Shortly after leaving Tormé, Lewis received a call from guitarist Tracii Guns stating that he was interested in having Phil join his band, L.A. Guns. The two met on 1 April 1987, and Lewis was hired shortly thereafter. L.A. Guns soon signed a record deal with Polygram Records and released their first album, L.A. Guns, on 4 January 1988. The band achieved mainstream success with their second album, Cocked & Loaded, thanks in part due to the successful single, "The Ballad of Jayne." They released Hollywood Vampires in 1991, which also had moderate success.
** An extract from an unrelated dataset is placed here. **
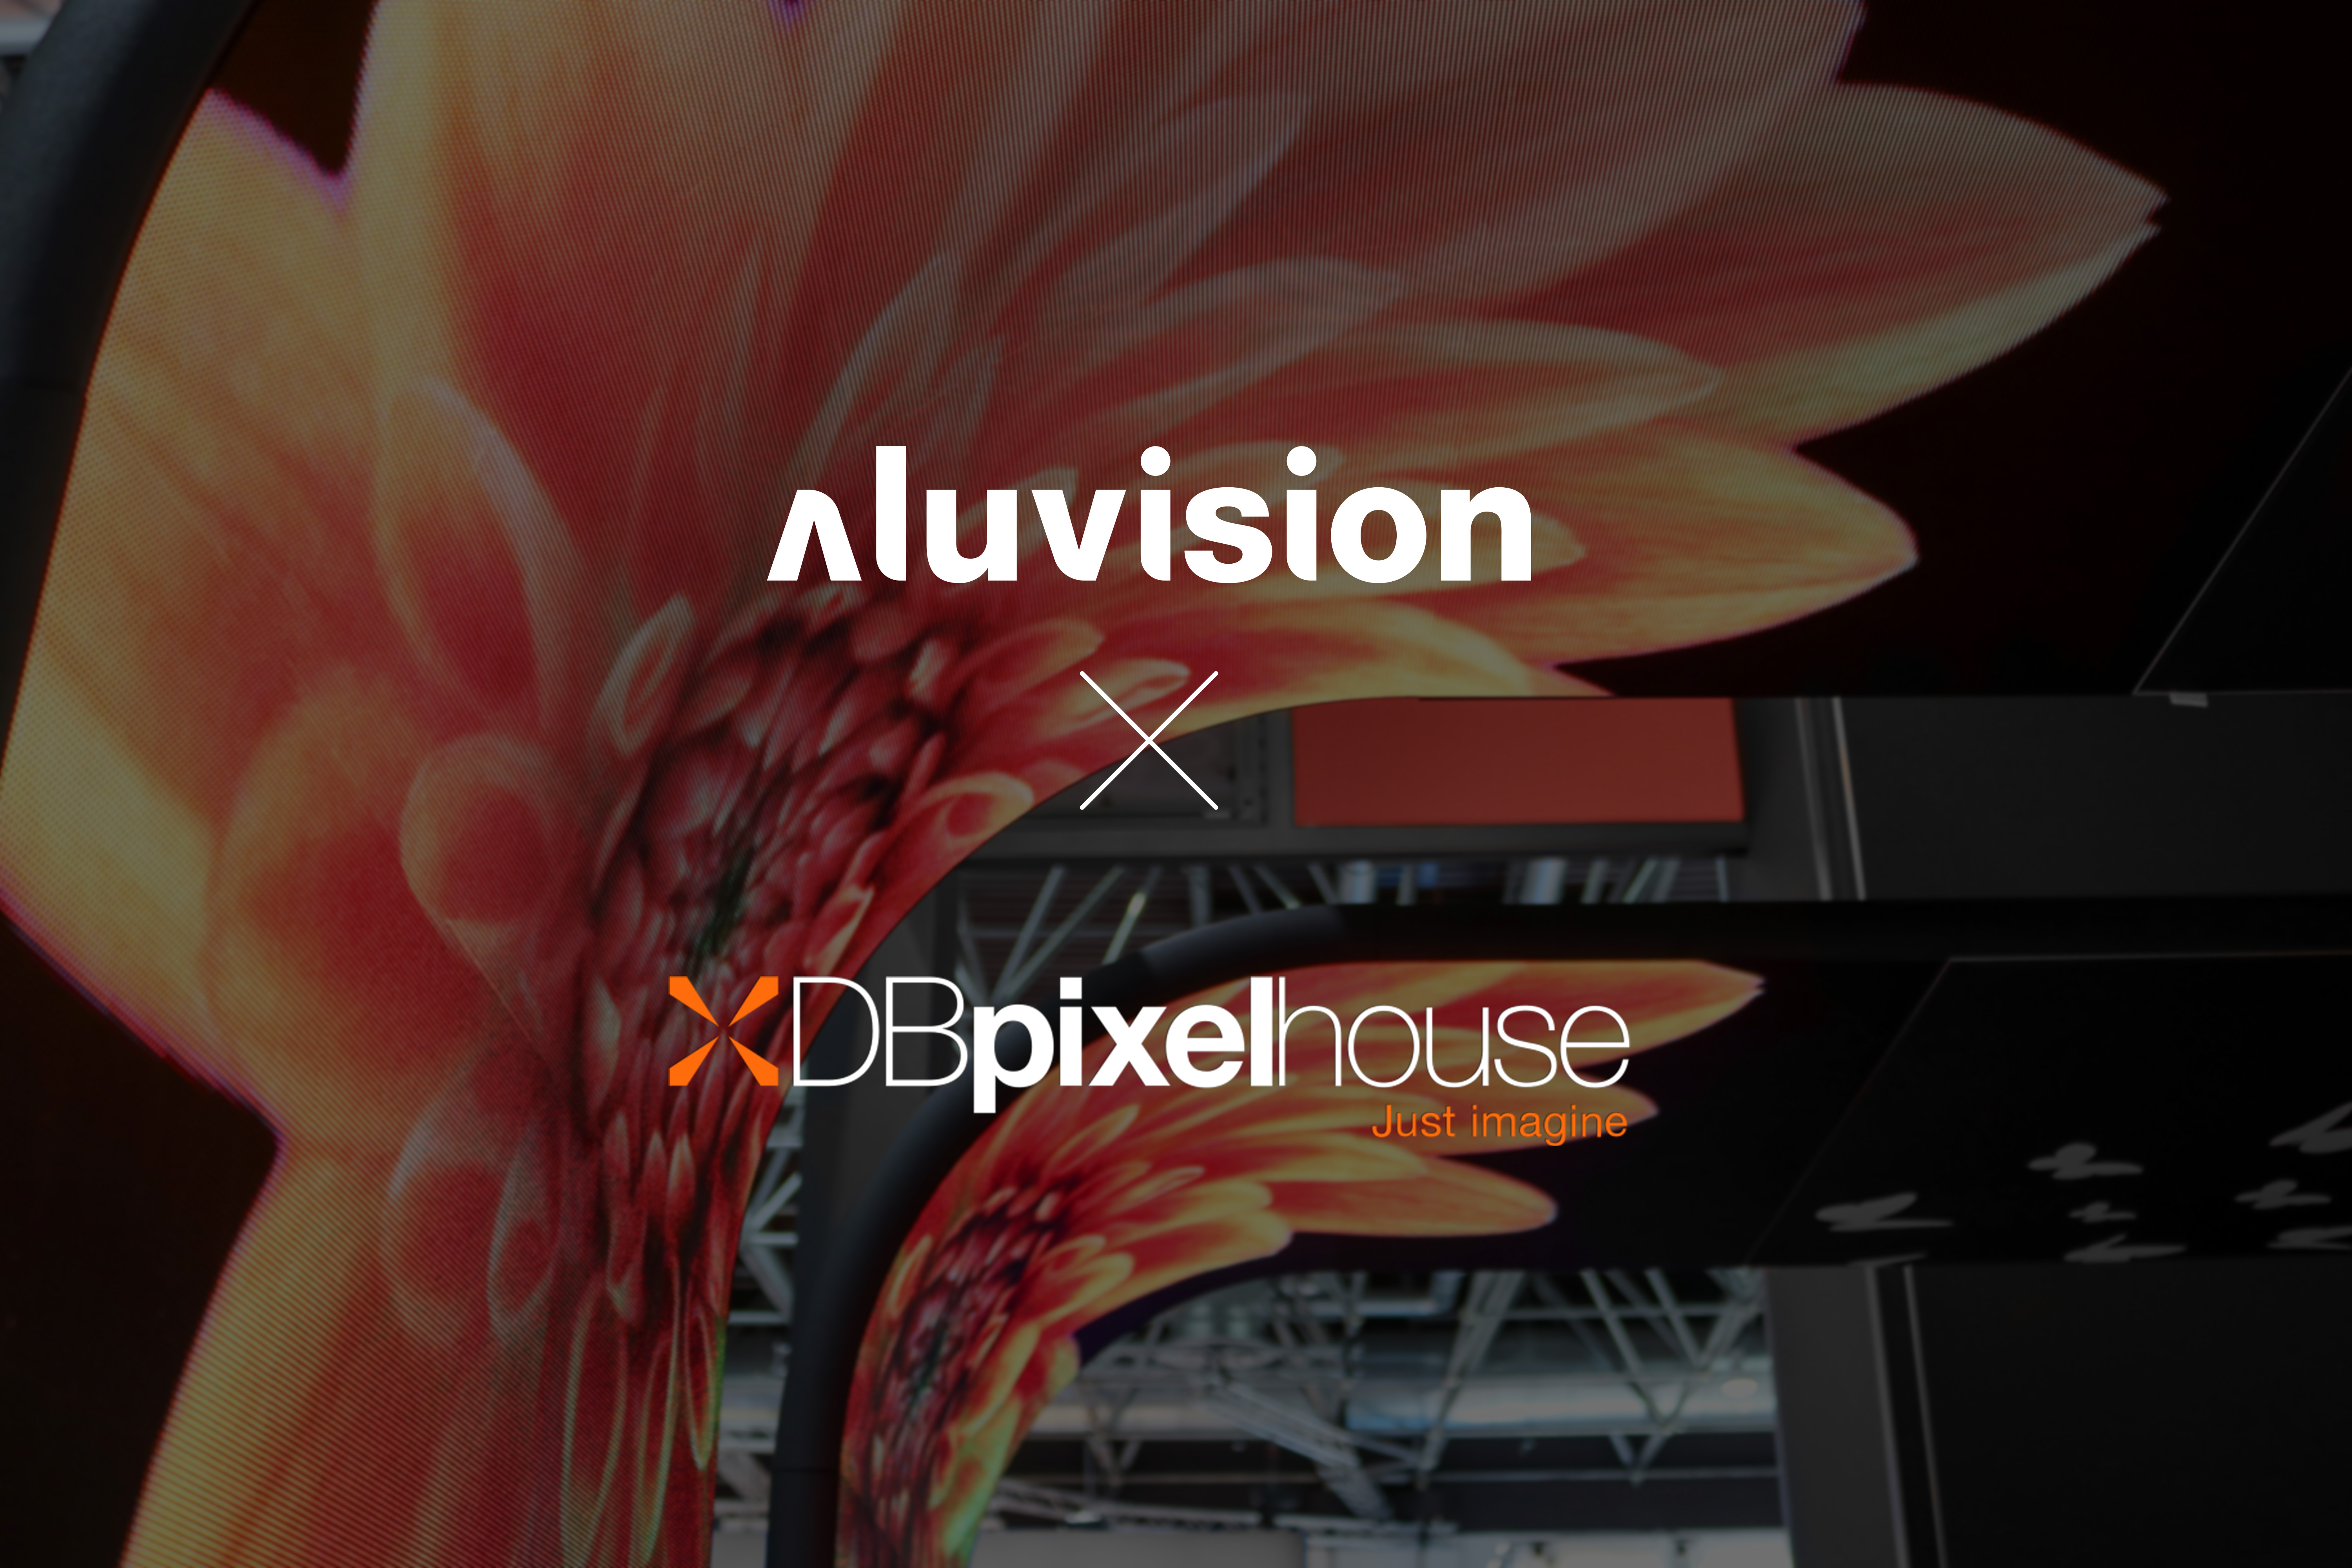 Aluvision strengthens presence in UK AV market through collaboration with DBpixelhouse!

Due to the rise in popularity of the grunge movement, the band would not release their fourth album, Vicious Circle until 1994. That album did not achieve the success of the prior albums, so Lewis left the band shortly after its release.

During his time out of L.A. Guns, Lewis participated in several other music projects including Filthy Lucre with Steve Dior and the Liberators. Filthy Lucre released an album called Popsmear in 1997. During this time, he also held various other jobs including producing albums for other artists, mixing audio for Fox Sports, and even working as a telephone psychic for a short time.

Lewis returned to L.A. Guns in 1999. The classic lineup released a re-recorded version of the hit album Cocked and Loaded in 2000. This updated version was called Cocked & Re-Loaded. The band released a new album entitled Man in the Moon in 2001. They released Waking The Dead in April 2002. It was the first album with producer Andy Johns and would also prove to be the last with Tracii Guns, as he left the band a few months later to team up with Nikki Sixx for the band Brides of Destruction. Guns' departure forced the band to pull out of a world tour with Alice Cooper, and they were soon dropped from their label as well.

Lewis and drummer Steve Riley continued to tour as L.A. Guns after Tracii Guns' departure and have released two more original albums, Tales from the Strip in 2005 and Hollywood Forever in 2012.

In December 2016, Lewis announced that he would be leaving the current lineup of L.A. Guns. He also announced that he will be joining Tracii Guns in a new L.A. Guns lineup. The new lineup consists of Phil Lewis, Tracii Guns, Michael Grant, Johnny Martin, and Shane Fitzgibbon. They released a new album together called "The Missing Peace" on 13 October 2017. As of March 2018, Michael Grant left L.A. Guns.

Lewis is a contributor to the 80s metal music website "Metal Sludge", under the online handle "Al Snug".

== Tribute albums ==
Lewis sang on a cover of Def Leppard's "Bringin' On the Heartbreak" on the Def Leppard tribute album Leppardmania. He also sang on a cover of Guns N' Roses's "My Michelle" on the Guns N' Roses tribute album Appetite for Reconstruction, and he contributed vocals on "Shot Down In Flames" for the AC/DC tribute album We Salute You: an All Star Tribute To AC/DC.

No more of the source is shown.